Le litre d’essence va ainsi diminuer de 100 ariary pour atteindre 4 100 ariary (99 cts d’euro) et le gasoil de 150 ariary pour arriver à 3 400 ariary. Quant au pétrole lampant, utilisé par les Malgaches les plus modestes pour s’éclairer, son prix doit baisser de 500 ariary par litre pour atteindre 2 130 ariary. Le fioul de la Jirama n’est pas concerné par ces baisses de prix.

Une baisse qualifiée d’« historique », mais qui ramène en fait les prix au niveau de l’été 2018 pour le gasoil et l’essence, et à ceux de septembre 2017 pour le pétrole lampant, qui représente 3,5 % de la consommation totale dans les stations services (environ 700 000 mètres cubes en 2018).

Marges abaissées

Pour parvenir à ce résultat, l’État s’est largement appuyé sur des études, notamment de la Banque mondiale, selon lesquelles les marges des pétroliers sont trop élevées en comparaison d’autres pays. Mais les discussions ont été laborieuses. « Les pétroliers ont commencé par proposer d’augmenter leur marges », ironise ainsi un négociateur côté gouvernement.

Le prix en station-service, administré par l’État est, depuis l’automne 2017, quasi systématiquement en-dessous du « prix de référence calculé » (PRC) issu de la structure de prix, qui prend en compte les cours du baril, ceux de l’ariary, les marges, les taxes… Ce qui creuse le passif envers les entreprises, qui a atteint 160 milliards d’ariary à la fin mai.
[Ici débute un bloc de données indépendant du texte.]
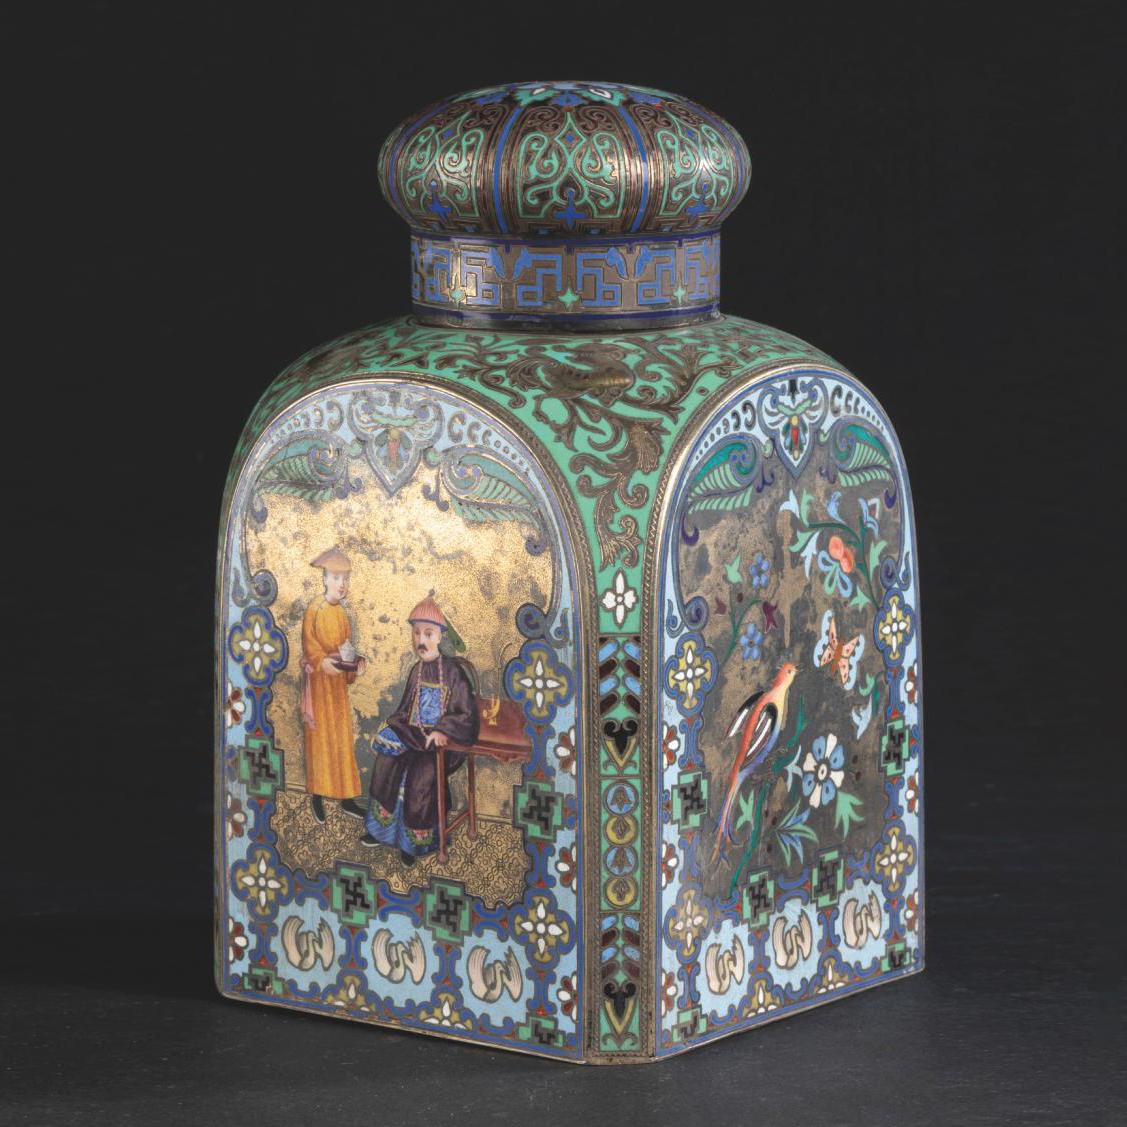 Pavel Ovchinnikov's Tea Box for a Tsar  - Lots sold

Source : Office des hydrocarbures

Source : Office malgache des hydrocarbures

Le gouvernement a toujours annoncé vouloir résorber ce passif par une révision de la structure de prix, en comptant sur un rééquilibrage des dettes croisées lorsque les prix à la pompe dépasseraient le PRC. « Pour y parvenir, les marges ont été abaissées de 500 ariary par litre en moyenne pondérée », annonce à Jeune Afrique Stéphanie Delmotte, directrice de cabinet de la Présidence.

Ce qui n’est pas du goût des entreprises du secteur, qui contestent les résultats des études sur lesquelles s’est basé le gouvernement. « C’est simple, on a cherché à nous imposer une nouvelle structure de prix, sans négociation », se plaignait un pétrolier auprès de Jeune Afrique début juin.

Un passif à contenir

La réduction des marges fournisseurs « pourrait avoir un effet rétroactif à partir du 1er janvier 2019 », précise Stéphanie Delmotte. Cela suffira-t-il à assécher les dettes dans un contexte où l’ariary se déprécie lentement face au dollar depuis trois ans, et où le baril est dans une tendance haussière ?

Le gouvernement s’est en tout cas engagé auprès du FMI à conserver le passif en dessous de 175 milliards d’ariary. Ce plafond conditionne, parmi beaucoup d’autres facteurs, le déblocage de la cinquième tranche de la Facilité élargie de crédit, un programme de prêt du FMI d’un montant total de 304,7 millions de dollars.

Les autorités malgaches ont aussi convenu avec l’institution de Bretton-Woods de mettre en place un mécanisme d’ajustement automatique des prix à la pompe d’ici fin septembre 2019.